Ich rief Tessa an und erwischte sie wohl mitten in einer Konferenz. »Kurz, bitte«, sagte sie knapp.
»Wer hat diese Drei trainiert? Es muss jemand geben, der ihnen diese Brutalität beibringt.«
»Also, einer ist wohl mit Sicherheit Glaubrecht. Es besteht auch der Verdacht, dass es auf dem Hof einen alten Mann gibt, der in den sogenannten Kampfkünsten der Asiaten erfahren ist. Aber da fehlt jeder Beweis. Warum?«
»Ich hatte eine Schülerin hier. Sie berichtet Schlimmes.«
»Ja. Es hat viel Schlimmes gegeben. Ich muss übrigens von hier aus heim nach Trier. Meine Kinder sind sauer.«
»Aber du hast hier noch einen ungeordneten Haufen Textilien.«
»Das nächste Mal«, sagte sie und unterdrückte ein Lachen.
Dann rief ich endlich bei Emma an.
»Du untreue Seele«, sagte sie. »Dass du dich meldest, ist ja ein Wunder.«
»Wie geht es deinem Mann?«
»Besser. Und ich kann es noch immer nicht recht glauben. Aber sie sagen, sein Zustand sei stabil, er braucht nicht mehr an diesen Apparaturen zu hängen. Er liest ein Buch. Und er hat kaum noch Schmerzen. Stell dir das vor.«
»Sehr gut. Und Tante Liene?«
»Sie will einen Einbürgerungsantrag stellen.« Sie lachte. »Ich denke, Europa hat ihr gutgetan. Wann sehen wir dich?«
»Ich habe heute Abend Besuch in dieser leidigen Sache mit dem Eulenhof. Ich denke, ich kann morgen in der Frühe reinschneien. Aber ich rufe vorher an.«
»Diese Neonazis schaffen dich, nicht wahr?«
»Ja, das ist so.«
»Magst du reden?«
»Ich glaube, ja. Ich komme da mit einigen Dingen nicht klar.«
»Wenn ich dir helfen kann, helfe ich dir.«
»Danke, es steht zu befürchten, dass ich darauf zurückkomme.

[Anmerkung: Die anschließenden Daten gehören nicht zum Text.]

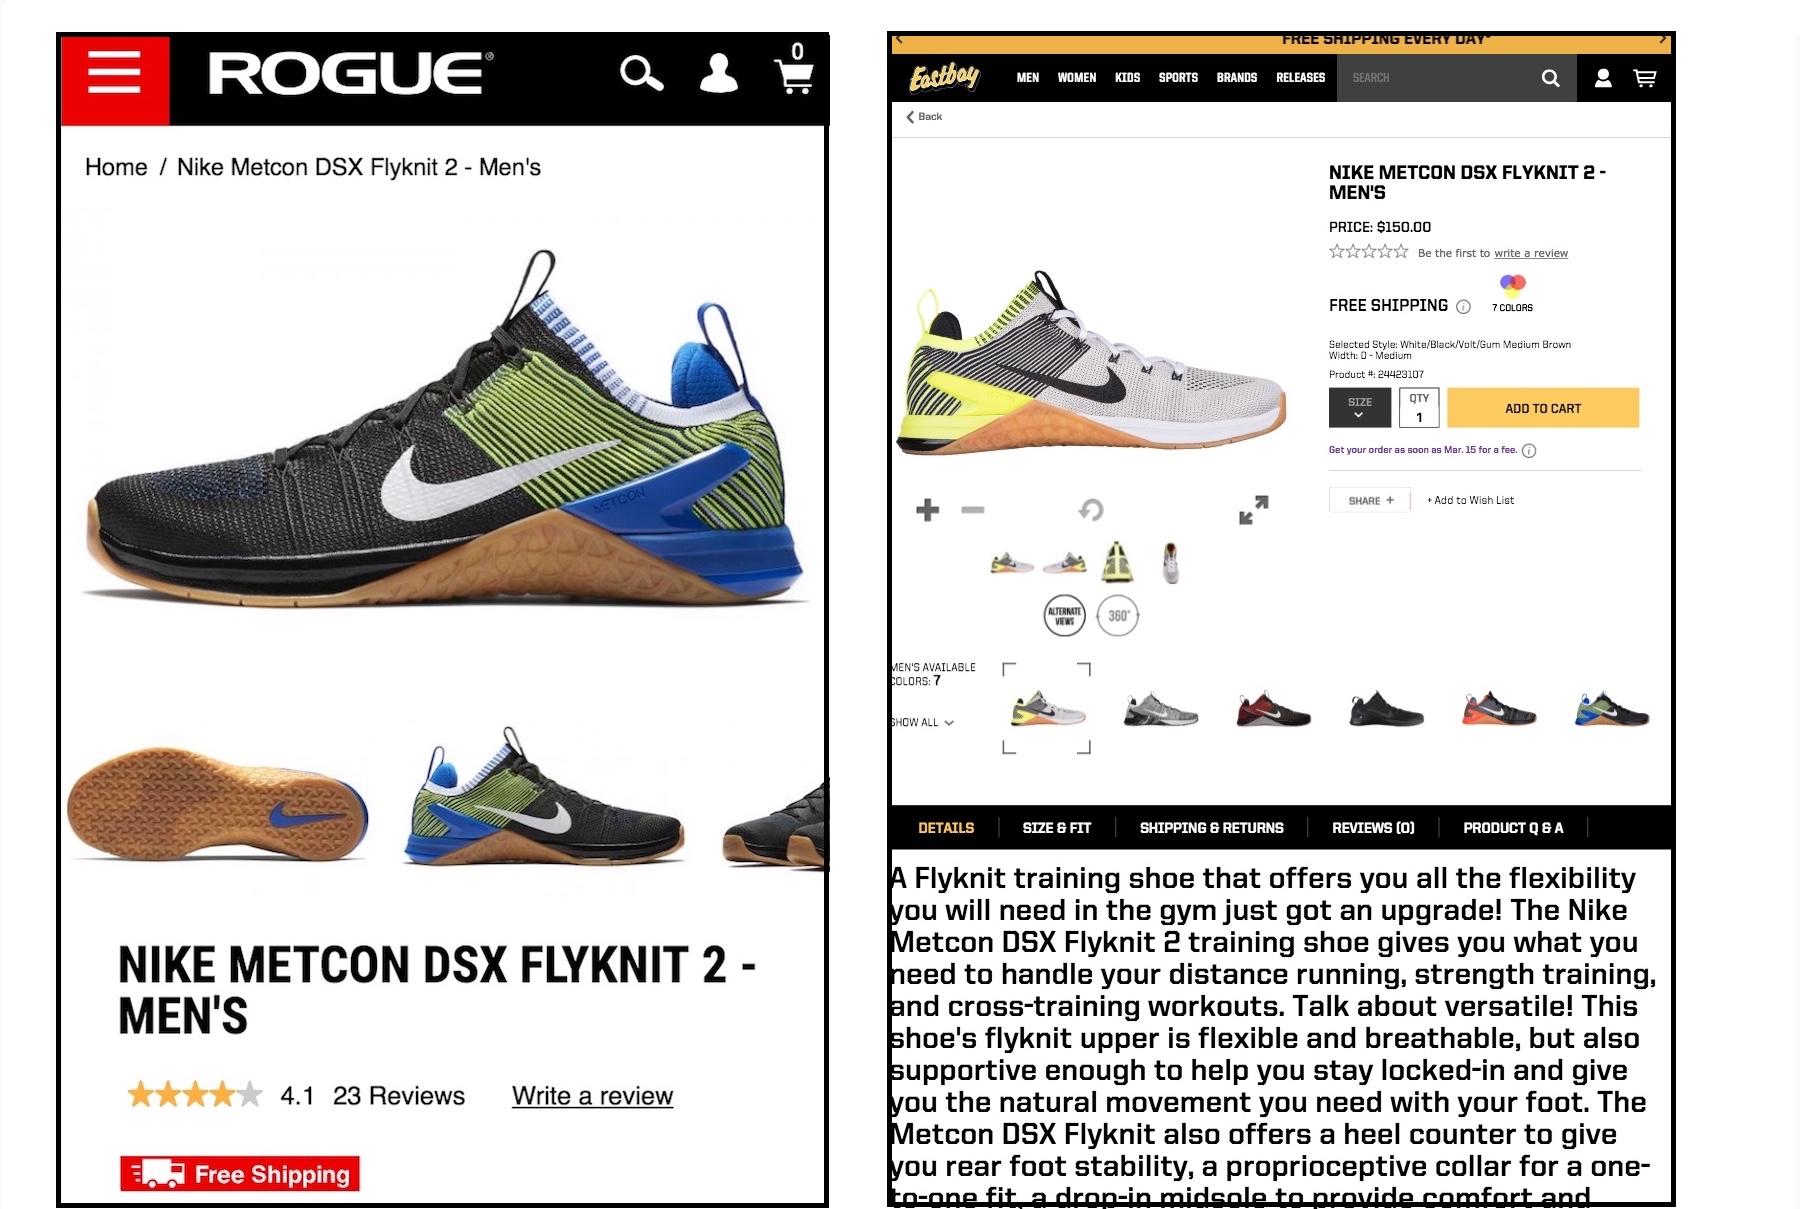 Screenshot showing product page and its description

Macht es gut, ihr zwei Mädchen. Und grüße mir deinen Macker.«
Ich setzte mich an den Computer und schickte Holger Patt eine Anfrage mit der Bitte, mich aufzuklären. Mir war eingefallen, dass ich über die verwendeten Waffen und ihre Munition überhaupt nichts gehört hatte. Es gab sowieso unglaublich viele Kleinigkeiten in diesem Fall, die vollkommen unklar waren. Ich wusste nicht, wie die Mordkommission Ulrich Hahn einschätzte. Hatte er Einfluss auf Hagen Weidemann? Oder war er eine Puppe? Ein vorgeschobener dienstbarer Geist? Es war auch immer noch unklar, ob der tote Stefan Zorn ein Beamter des Verfassungsschutzes war und ob der tote Blue mit diesem Stefan Zorn etwas zu tun gehabt hatte. Wieso hatte sich Zorn in den Wald hinter dem Eulenhof locken lassen? Oder war da etwas ganz anderes abgelaufen, und wir deuteten die Zusammenhänge falsch, weil wir diese unvermeidbare Brille aufhatten, durch die wir den Eulenhof als Hort alles Bösen sahen? Ich hatte keine annähernde Vorstellung wie mächtig dieser Hagen Weidemann war. Hatte er so etwas wie Kadavergehorsam herangezüchtet? Und dann die Frage: War der Eulenhof einfach explodiert? War die Ermordung Blues der Auftakt zu dieser Explosion gewesen? War die Explosion eine Implosion? Es musste den Unbekannten geben, der die beiden Jäger schwer verwundet und getötet hatte. Wer war das? Konnte es sein, dass auf die beiden geschossen worden war, nur weil sie Jäger waren? Hatte das mit dem Eulenhof vielleicht gar nichts zu tun?
Stündlich schaute ich im Postfach nach, aber es kam keine Antwort von Holger Patt auf meine Mail. Anzunehmen, dass sie alle noch tagten. Gegen Abend aß ich etwas und setzte mich wieder raus auf meine Terrasse. Über meine Grübeleien musste ich eingeschlafen sein, was ich erst bemerkte, als mich das Brummen eines Motors und das Geräusch von langsam rollenden Autoreifen vor meinem Haus aufschrecken ließen.
Sie kamen zu früh. Mutter und Sohn rollten in einem neuen, weißen Twingo auf den Hof. Es war halb neun.
»Herein mit euch«, sagte ich.
»Wir sind viel zu früh«, sagte der Junge verlegen.
»Das macht überhaupt nichts.«
»Grete Kaufmann«, stellte die Frau sich vor.